Substrate 16 is preferably planar, and base 17 is joined to substrate 16 by bolts 33. Substrate 16 is preferably formed of steel, while base 17 may be formed from wood or other readily machined material. Base 17 defines recesses 19 and 19', which can be cut or machined to selected shapes and sizes. The advantage of this configuration is that a plurality of bases 17 having differently sized and shaped recesses 19 and 19' can be kept on hand and installed onto substrate 16 as necessary.

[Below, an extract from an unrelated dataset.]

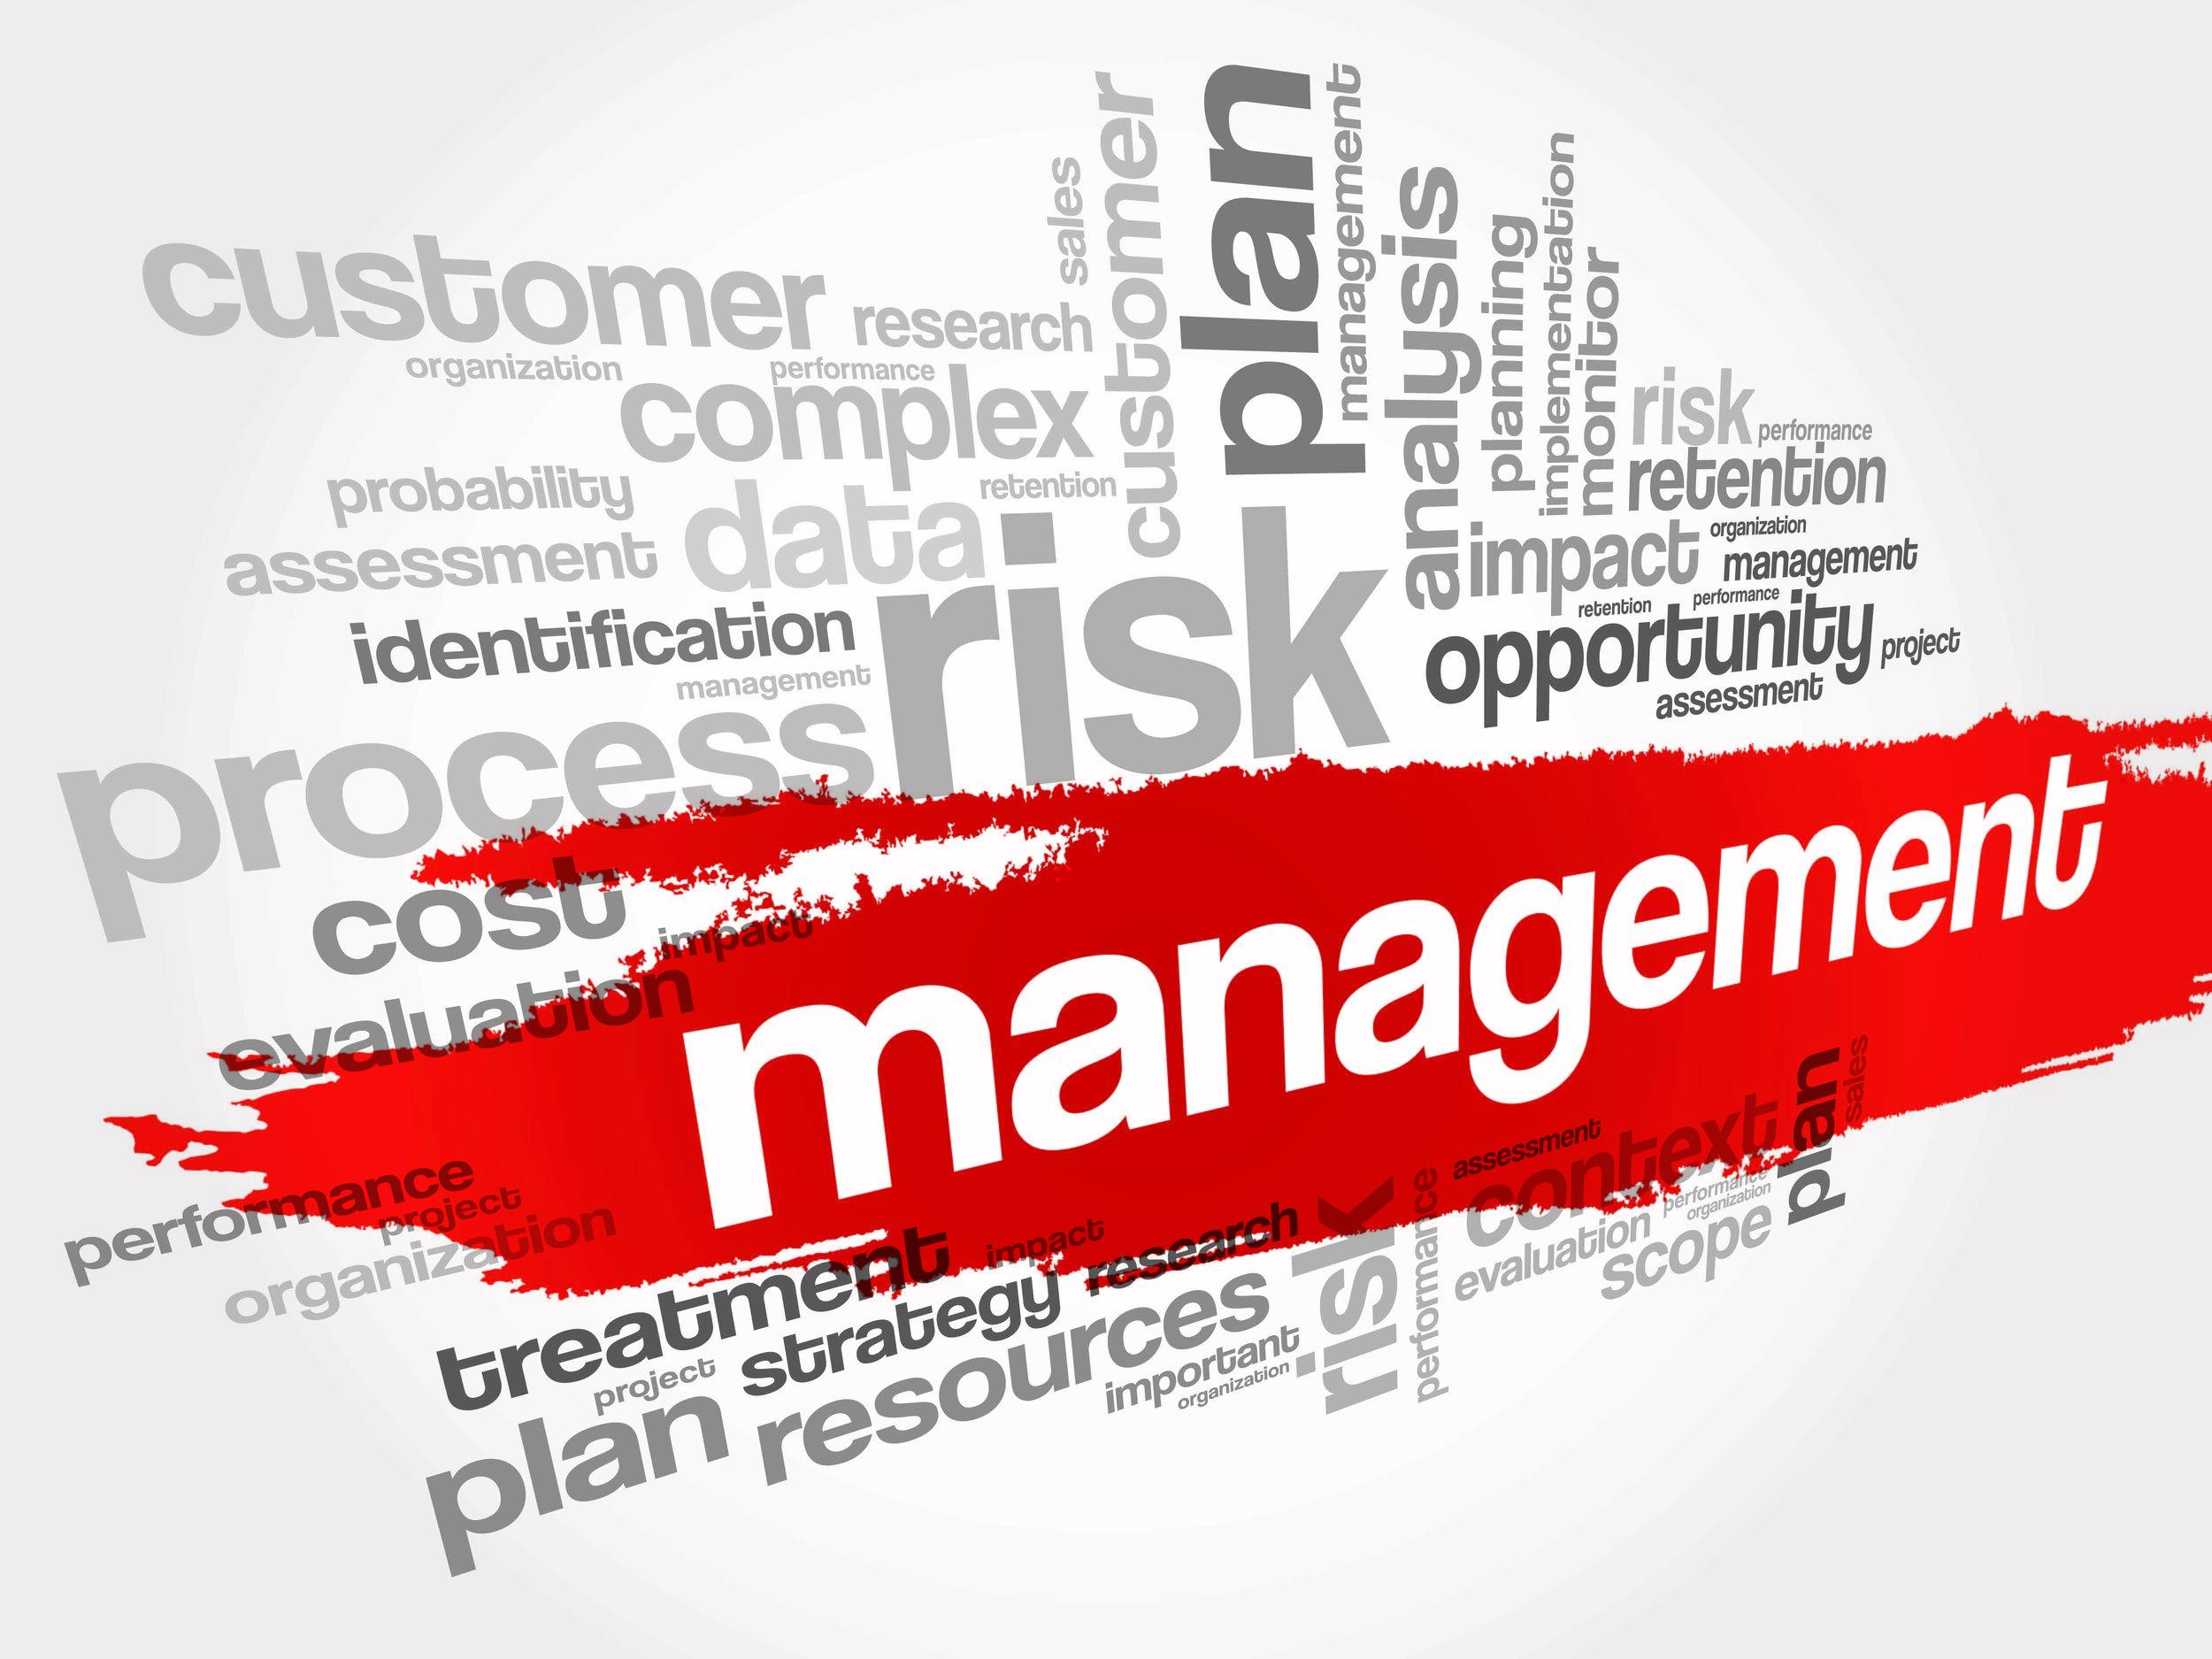 Image of Risk Management words

Recesses 19 and 19' provide the preferred means for securing the rings of the embroidery hoop to base 17. Alternative means might include raised tabs, magnetic holding structures, or other suitable securing means. Recesses 19 and 19' hold spiders 18 and 18', which are adapters that allow base 17 to work with embroidery hoops of different sizes by replacing spiders 18 and 18' rather than base 17.
Spiders 18 and 18' are inserted into recesses 19 and 19', respectively. It should be understood that spiders 18 and 18' are comparable; thus, the descriptions of spider 18 apply equally to spider 18'. Spider 18 is mated with an embroidery hoop (not shown in FIG. 1) having a given size and shape. Typically, the embroidery hoop comprises an outer ring snugly engaging an inner ring. Spider 18 includes an outer portion for engaging the edges of recess 19, and an inner portion for engaging one of the rings of the embroidery hoop. Different spiders 18' having the same-sized outer portion can have differently-sized or differently-shaped inner portions. Spider 18' provides a further degree of flexibility in that several different spiders 18 can be used with the same base 17. Thus, a plurality of differently sized and shaped embroidery hoops can be used without replacing base 17. The operator simply inserts differently sized and shaped spiders 18 into recess 19. However, base 17 can be easily replaced if necessary by simply removing bolts 33.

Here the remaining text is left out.